Some times, an exit is not the best option if the alternatives are not weighed properly. In the short term, I think that the federal government should drop the idea of a military solution by starting and setting a target for the withdrawal of the military from our streets. The political class must be encouraged to find a solution to what is clearly a political problem and not a religious one. Community leaders (not necessarily religious leaders) must be encouraged to take charge by embarking on initiatives that aim at bringing communities together. If this happens, public confidence can be built up because there will never be a military solution as their presence as it merely glorifies violence. Gradually, they are becoming an army of occupation and their influence will gradually wane. Finally, the federal government must embark on a programme for the rehabilitation and reconstruction of destroyed communities.

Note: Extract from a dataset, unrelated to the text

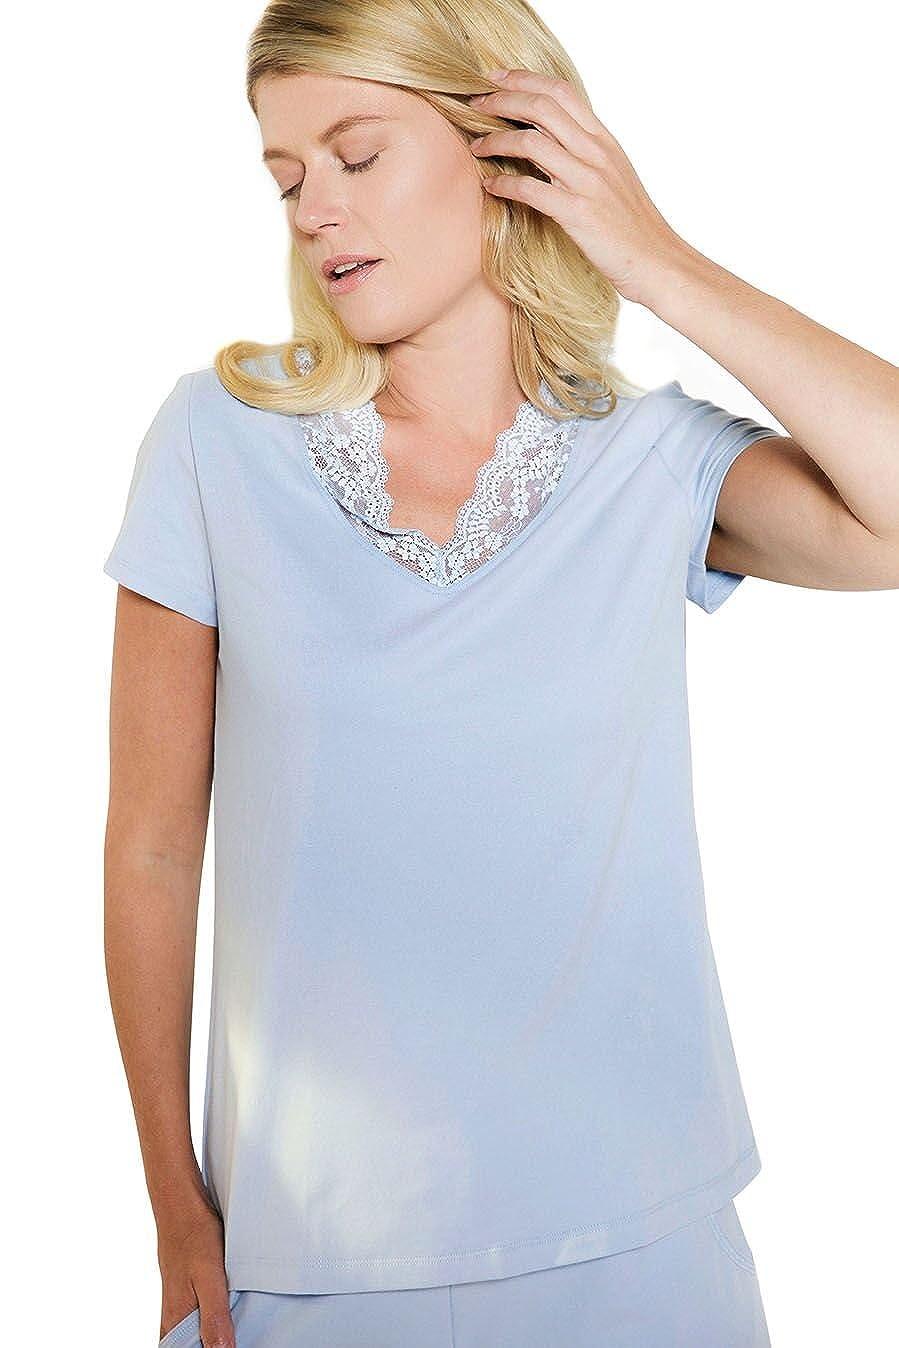 Lusome Everyday Womens Moisture Wicking Nina Sleep T-Shirt Size XS-XL

This will create confidence and reduce the amount of frustration and bitterness among ordinary people.

 

How does the everyday life of your diocese and your faithful continue in such a violent context?

 

 

Sokoto, strange as it may sound, is quite peaceful. We have not had a single incident here. I have encouraged our people to remain alert but we have decided not to change our lifestyle, that is, changing times for mass and prayers due to fear. I have told my people that fear is not in the vocabulary of any true Christian. So, we have continued to carry out our normal duties and pursuits.

 

Do you feel as if your life is in danger?

 

I have never felt a sense of fear because I believe that any day or anywhere is a good enough day or place to die. No part of this world is so insulated from threats to life. For us here, it may be the violence of Boko Haram, for some parts of the United States it is the hurricanes, for some parts of the world it is a tsunami and so on. So, our lives are in the hands of God, not in human security.

 

The bishop Kaigama denounced the absence of the state in this situation, the lack of military protection for the people and the villages systematically attacked by violent groups. Do you agree?

 

 

His Excellency is right, but as I have said, perhaps in some situations there is too much presence on the part of the state with its instruments of violence. This makes people anxious, but on the whole, he is right.

 

Who is the truly responsible for the current situation?

 

 

If I or anyone else knew, we would not be here.